**About this exercise:** Starting at the line that contains "gears meshing seamlessly", write out each line exactly through the last one in the material below, and nothing more; omit all pictures.

**Supplied information:**
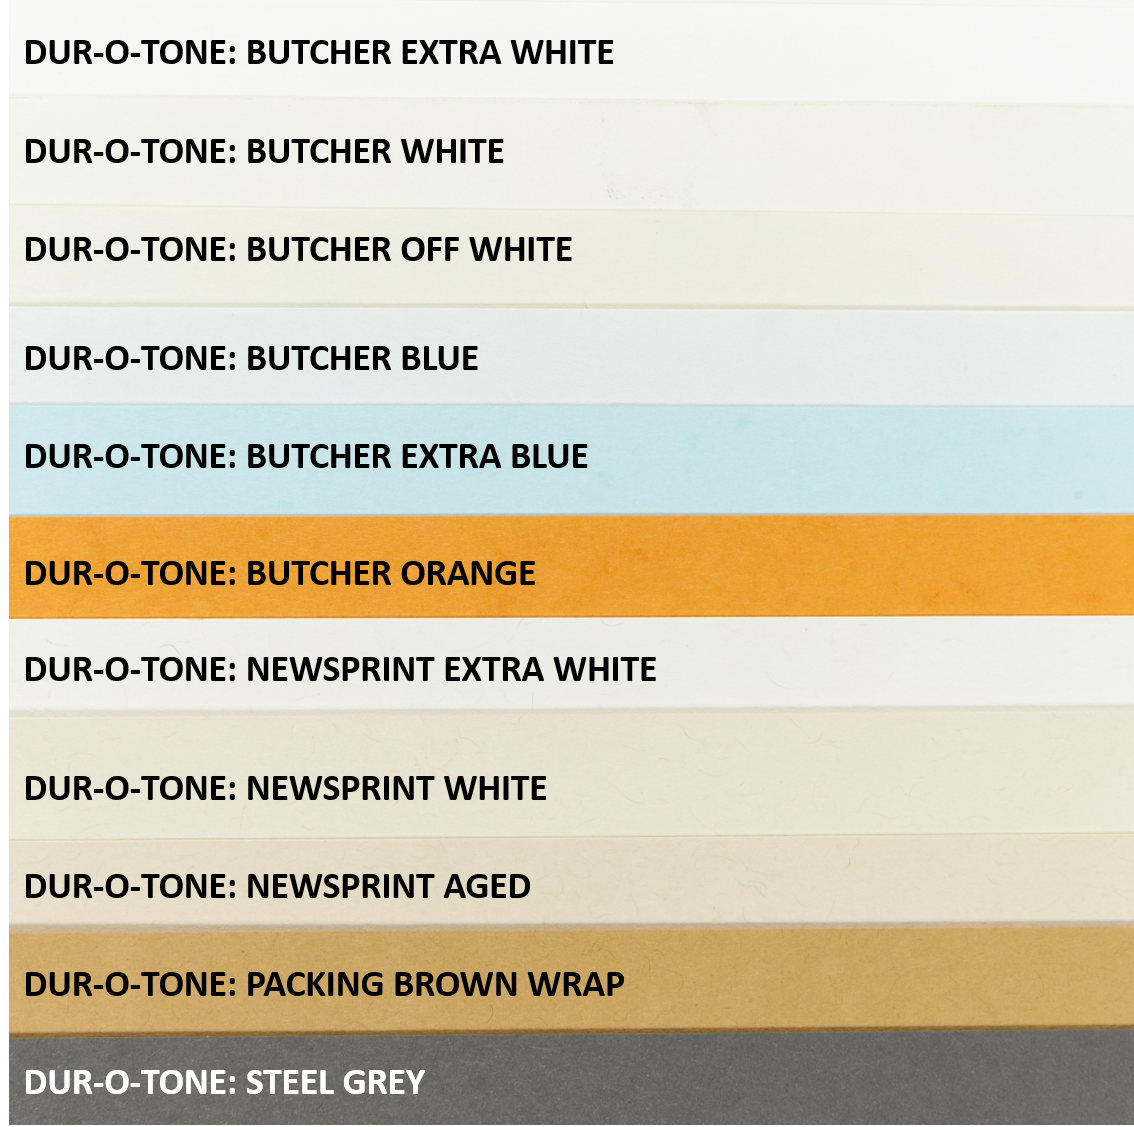 Butcher Orange Cardstock (Dur-O-Tone, Cover Weight)
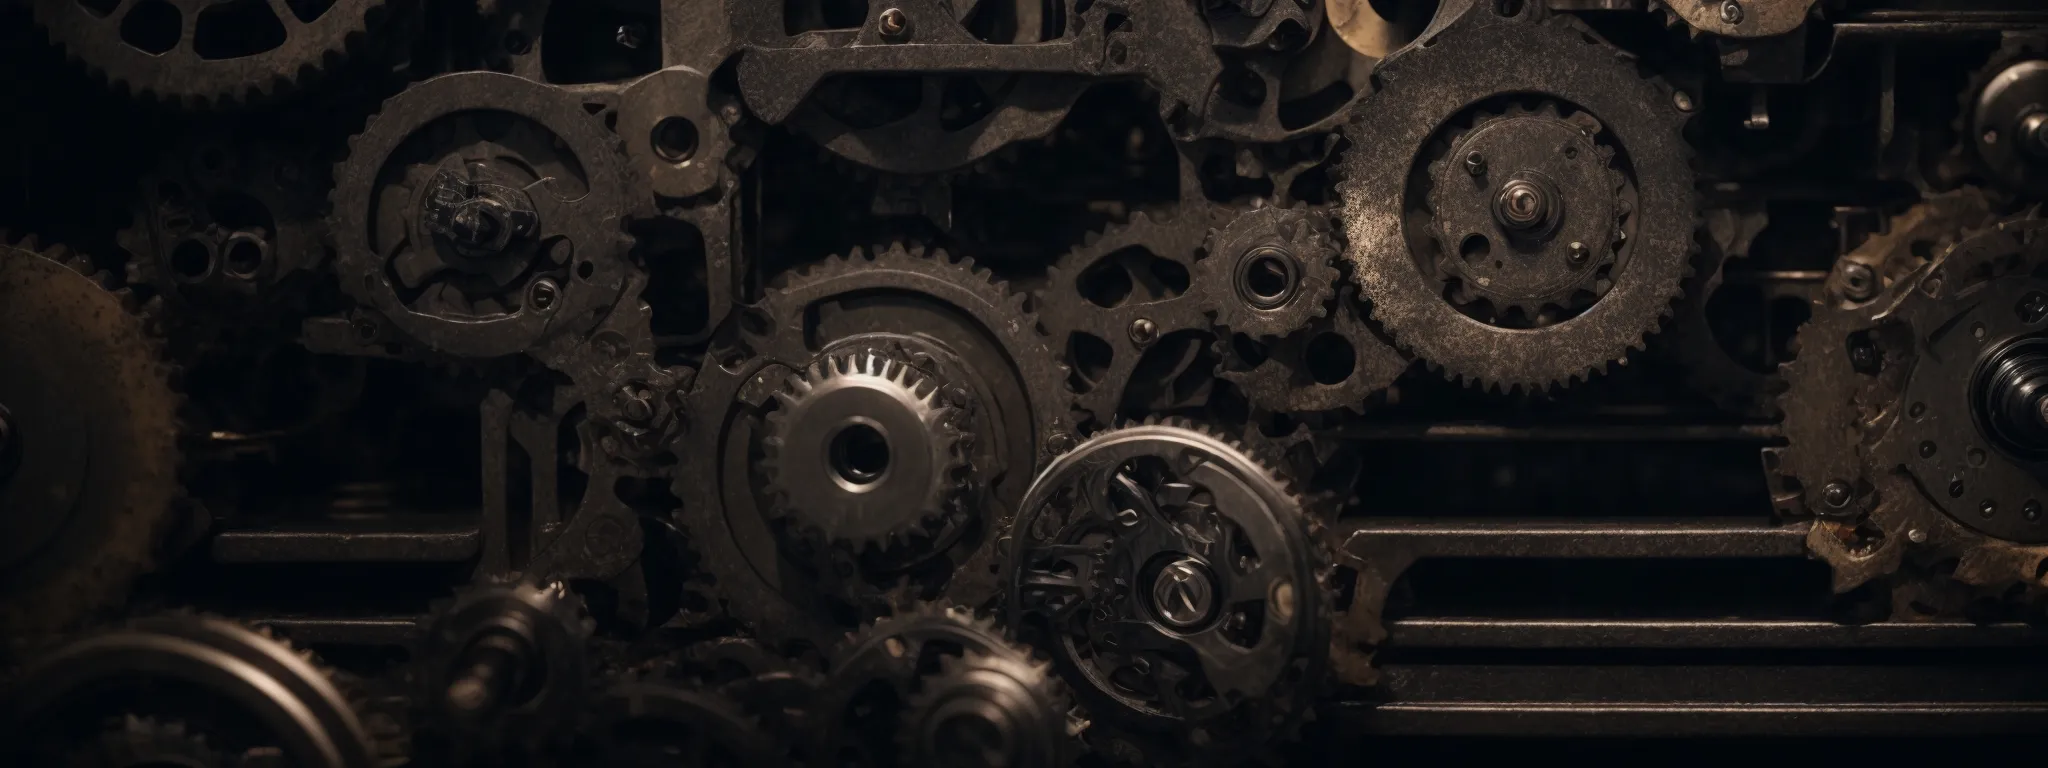 gears meshing seamlessly amid industrial machinery, symbolizing the integration of seo in the industrial market's digital strategy.
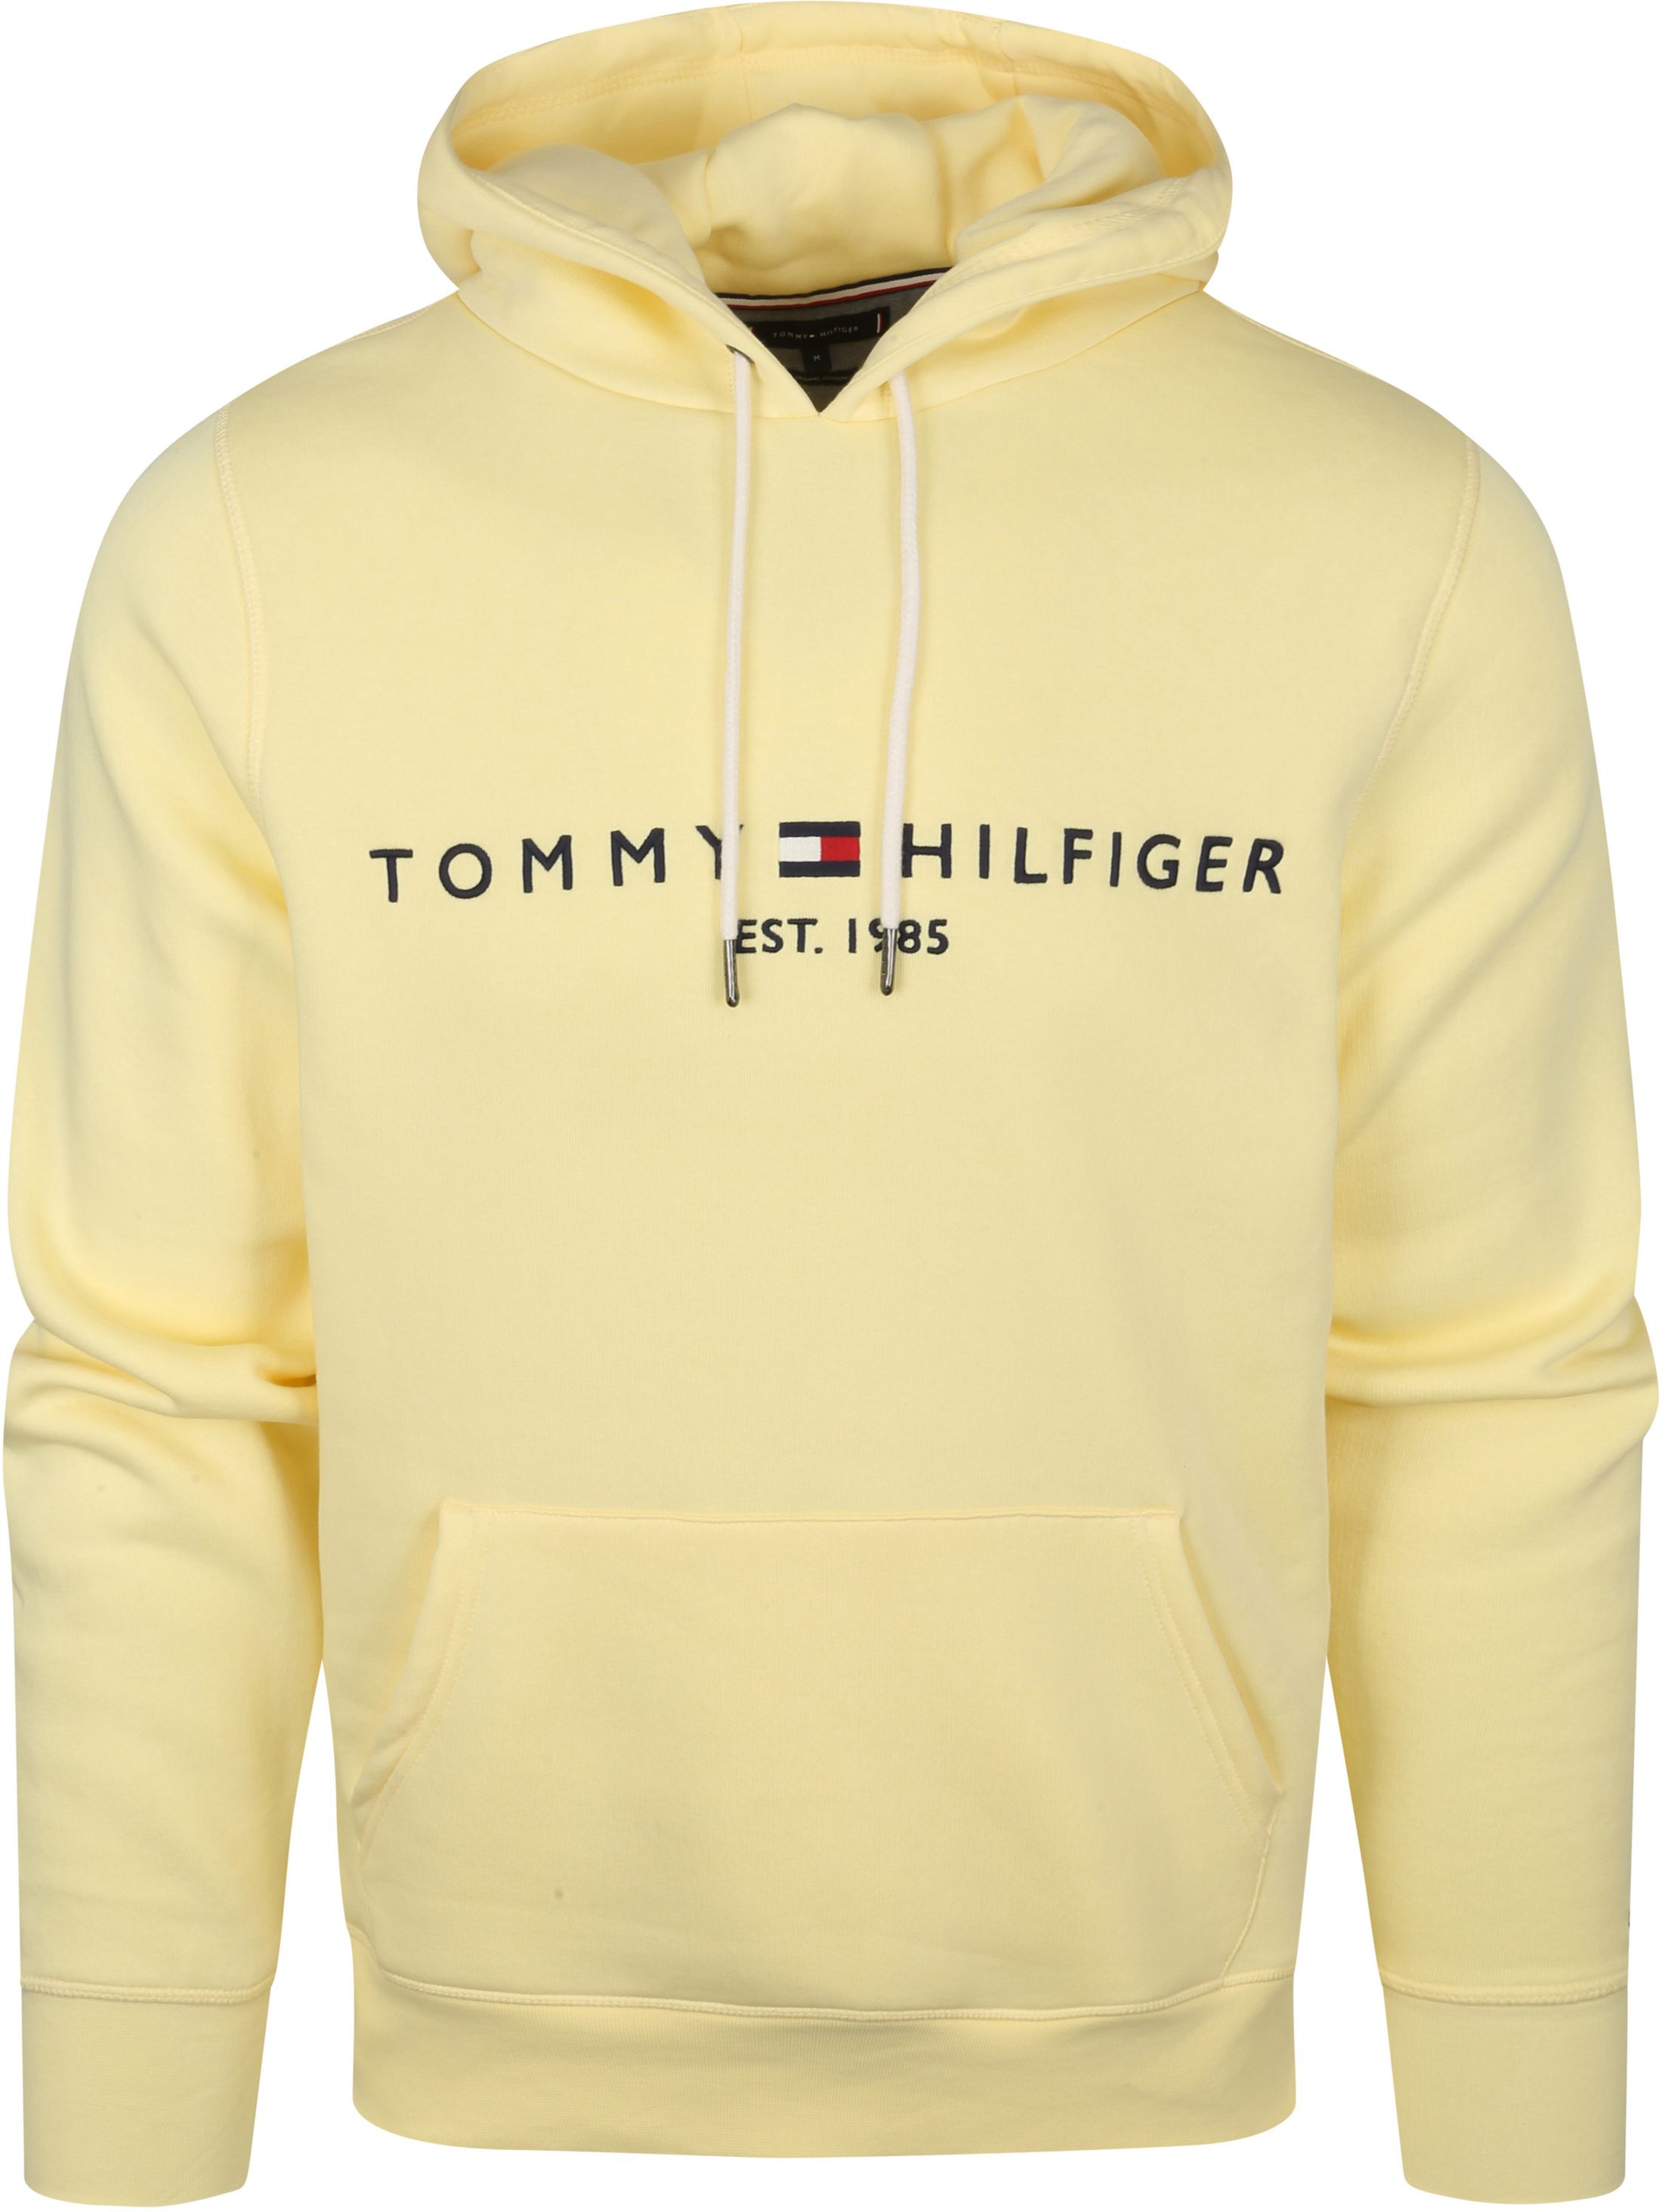 Tommy Hilfiger Hoodie Yellow size L

**Finished task:**
 gears meshing seamlessly amid industrial machinery, symbolizing the integration of seo in the industrial market's digital strategy.
 Tommy Hilfiger Hoodie Yellow size L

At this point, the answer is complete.